The first time I came here to the program, I was forced to come by the justice system 25 years ago. Everyone was nice to me while I was here for just over 2 years. I did not know Jesus, things just did not make sense to me. I had a relative that was here with me that helped me along.
Once I left the program, it didn't take long before I was back to my old lifestyle. I should be dead from everything I had done. I came back to the program again and again. Every time I slipped back to my addictions. People asked why I kept going back to Union Gospel Mission. I believe Jesus was calling me back. Someone had called me a lifer. This really bothered me, but as I thought about it, I realized I am a lifer. Every day the devil reminds me of my addictions and is trying to draw me back. I have to keep thinking about Jesus, He is the answer. I have to stop trying to fill the hole in my heart with drugs and alcohol and remember Jesus.

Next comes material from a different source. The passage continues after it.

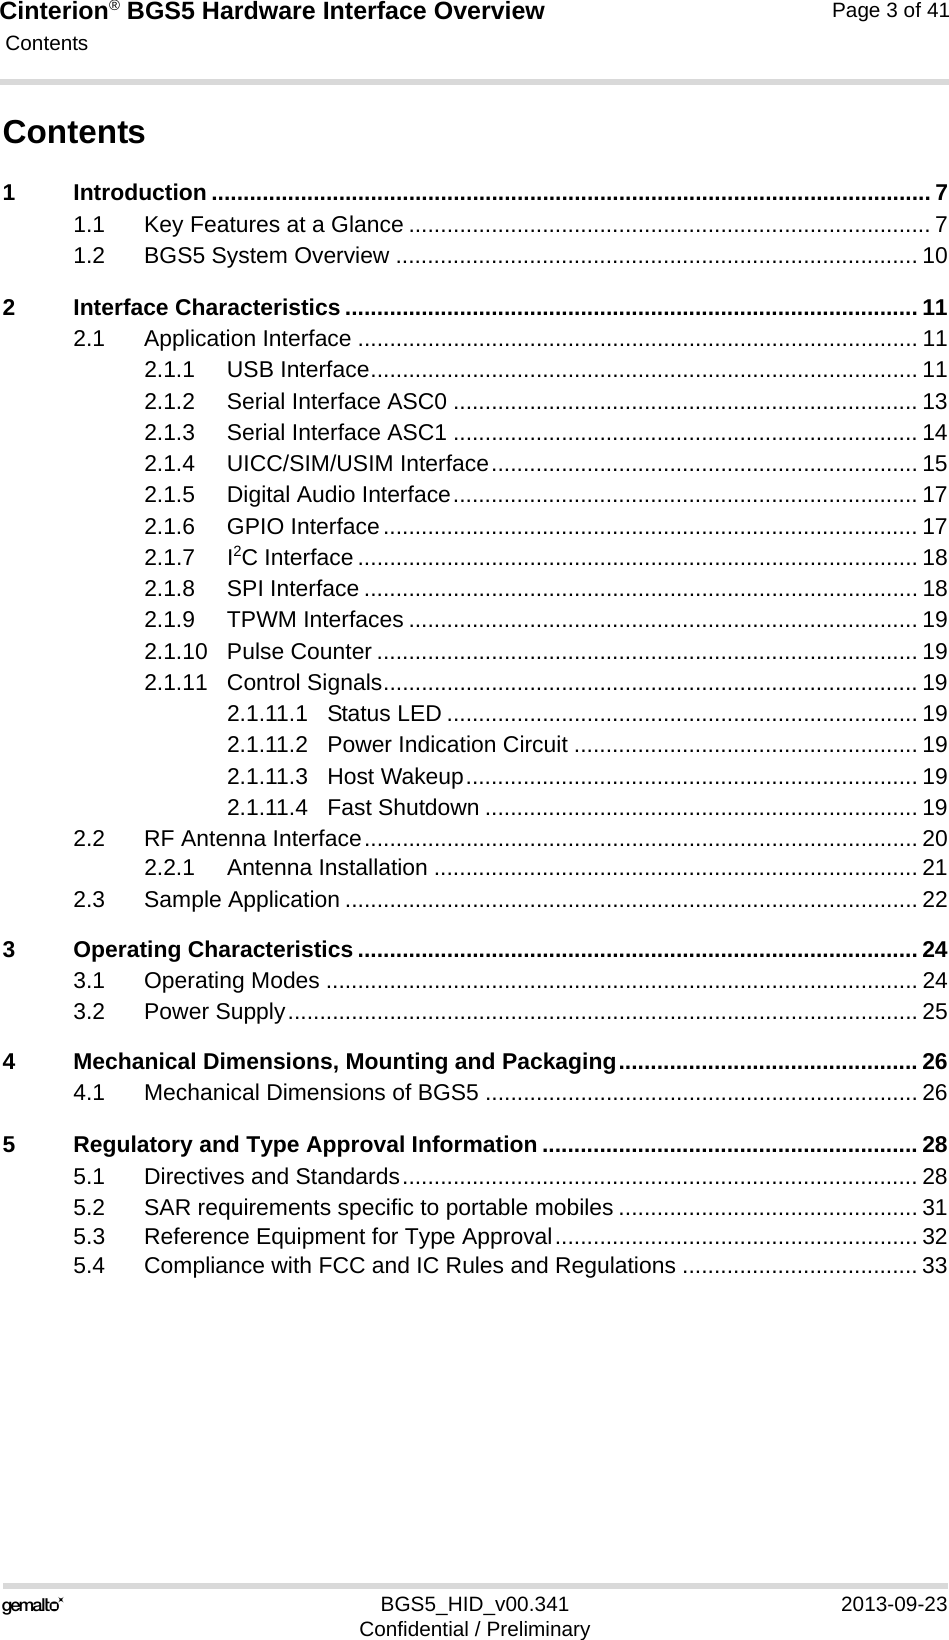 Cinterion® BGS5 Hardware Interface Overview Contents41BGS5_HID_v00.341 2013-09-23Confidential / PreliminaryPage 3 of 41Contents1 Introduction ................................................................................................................. 71.1 Key Features at a Glance .................................................................................. 71.2 BGS5 System Overview .................................................................................. 102 Interface Characteristics .......................................................................................... 112.1 Application Interface ........................................................................................ 112.1.1 USB Interface...................................................................................... 112.1.2 Serial Interface ASC0 ......................................................................... 132.1.3 Serial Interface ASC1 ......................................................................... 142.1.4 UICC/SIM/USIM Interface................................................................... 152.1.5 Digital Audio Interface......................................................................... 172.1.6 GPIO Interface.................................................................................... 172.1.7 I2C Interface ........................................................................................ 182.1.8 SPI Interface ....................................................................................... 182.1.9 TPWM Interfaces ................................................................................ 192.1.10 Pulse Counter ..................................................................................... 192.1.11 Control Signals.................................................................................... 192.1.11.1 Status LED .......................................................................... 192.1.11.2 Power Indication Circuit ...................................................... 192.1.11.3 Host Wakeup....................................................................... 192.1.11.4 Fast Shutdown .................................................................... 192.2 RF Antenna Interface....................................................................................... 202.2.1 Antenna Installation ............................................................................ 212.3 Sample Application .......................................................................................... 223 Operating Characteristics ........................................................................................ 243.1 Operating Modes ............................................................................................. 243.2 Power Supply................................................................................................... 254 Mechanical Dimensions, Mounting and Packaging............................................... 264.1 Mechanical Dimensions of BGS5 .................................................................... 265 Regulatory and Type Approval Information ........................................................... 285.1 Directives and Standards................................................................................. 285.2 SAR requirements specific to portable mobiles ............................................... 315.3 Reference Equipment for Type Approval......................................................... 325.4 Compliance with FCC and IC Rules and Regulations ..................................... 33

He then shared Psalm 63:1-5 which says "
You, God, are my God, earnestly I seek you; I thirst for you, my whole being longs for you, in a dry and parched land where there is no water. 2 I have seen you in the sanctuary and beheld your power and your glory. 3 Because your love is better than life, my lips will glorify you. 4 I will praise you as long as I live, and in your name I will lift up my hands. 5 I will be fully satisfied as with the richest of foods; with singing lips my mouth will praise you."